Work item
Within the material below, locate the line with "Tangerine bathroom decor, Bathroom" and the line with "visit paris by metro app download", then return those two lines and all lines between them, exactly as written.

Source data
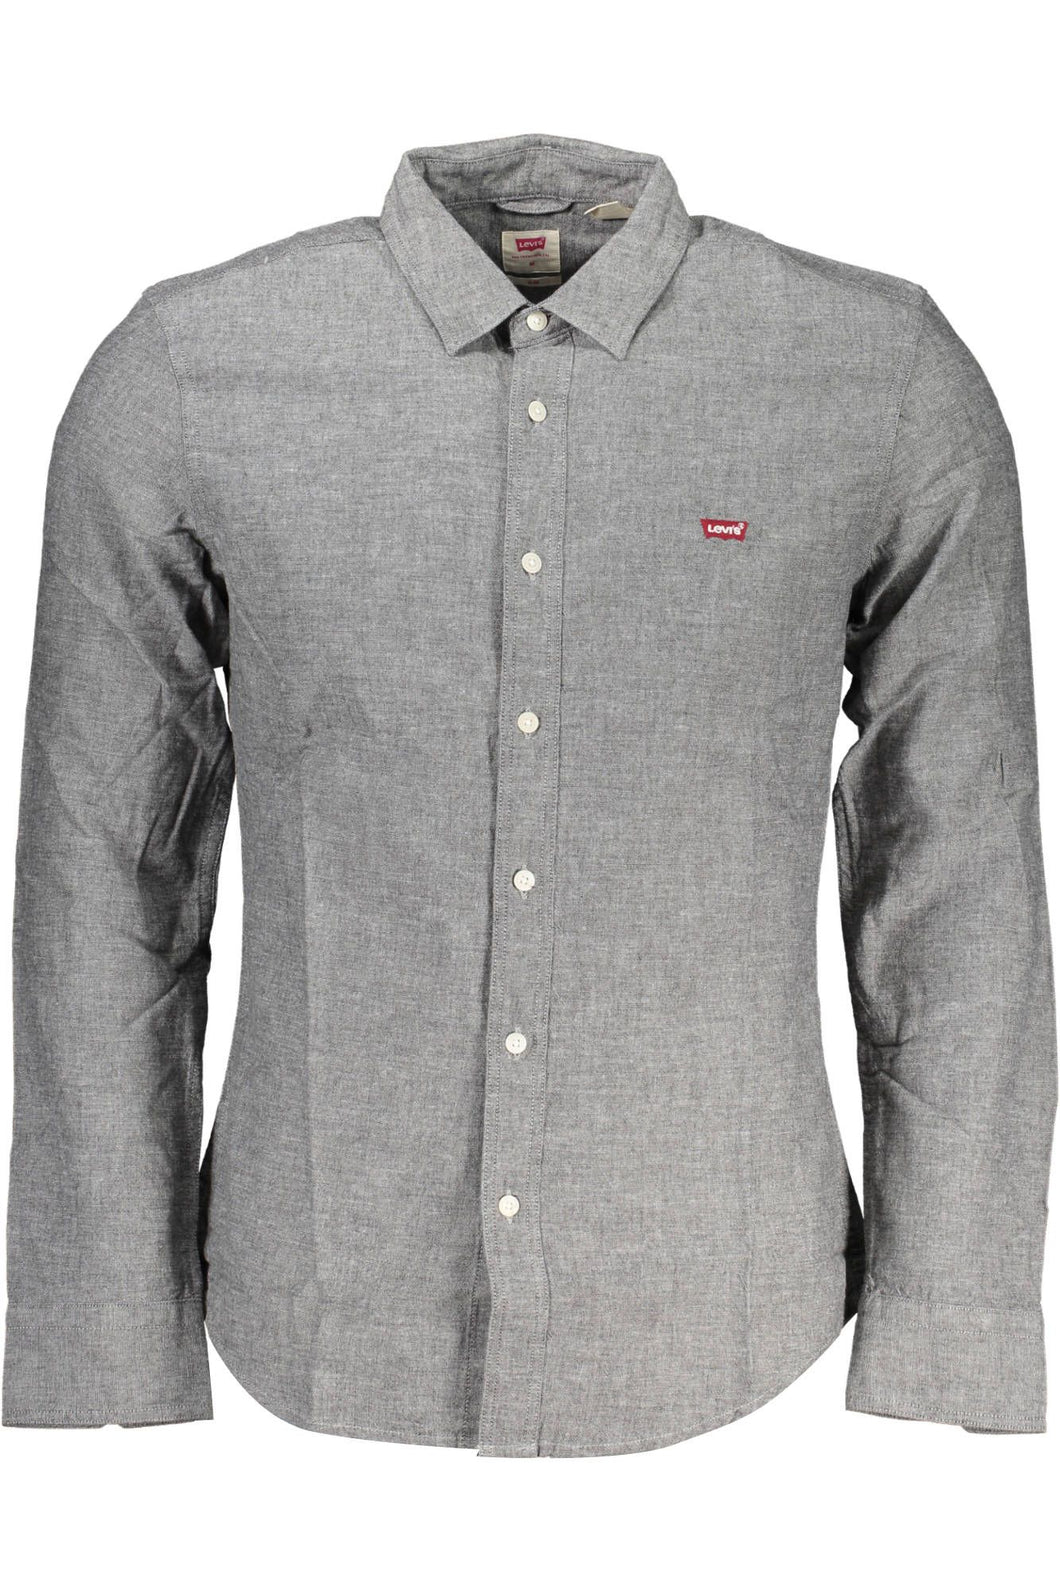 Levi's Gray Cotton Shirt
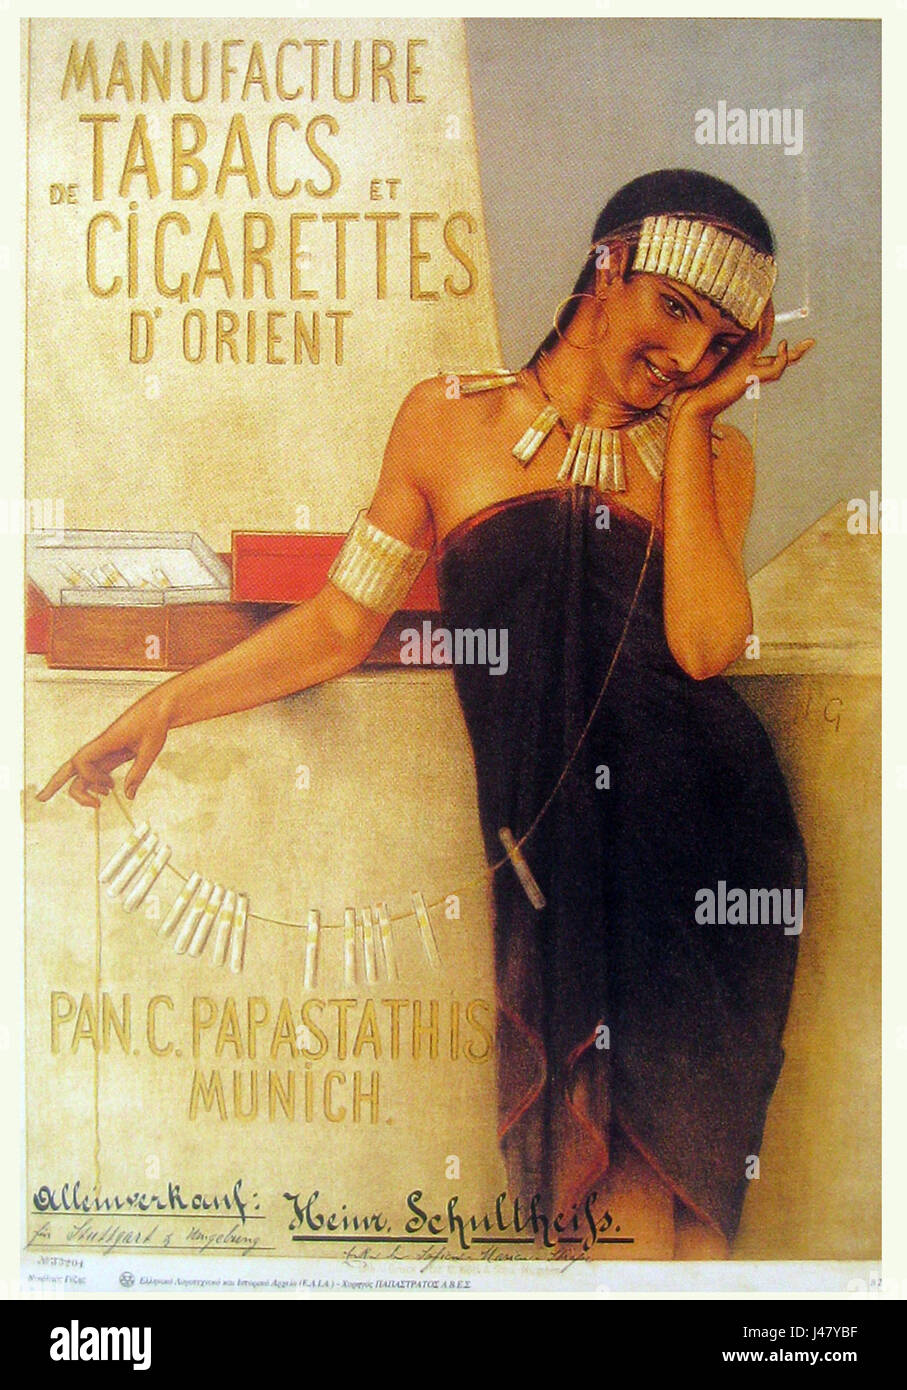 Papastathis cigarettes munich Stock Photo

--

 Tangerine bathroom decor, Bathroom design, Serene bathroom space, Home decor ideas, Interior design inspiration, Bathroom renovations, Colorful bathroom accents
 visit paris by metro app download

Response to the exercise
 Tangerine bathroom decor, Bathroom design, Serene bathroom space, Home decor ideas, Interior design inspiration, Bathroom renovations, Colorful bathroom accents
 visit paris by metro app download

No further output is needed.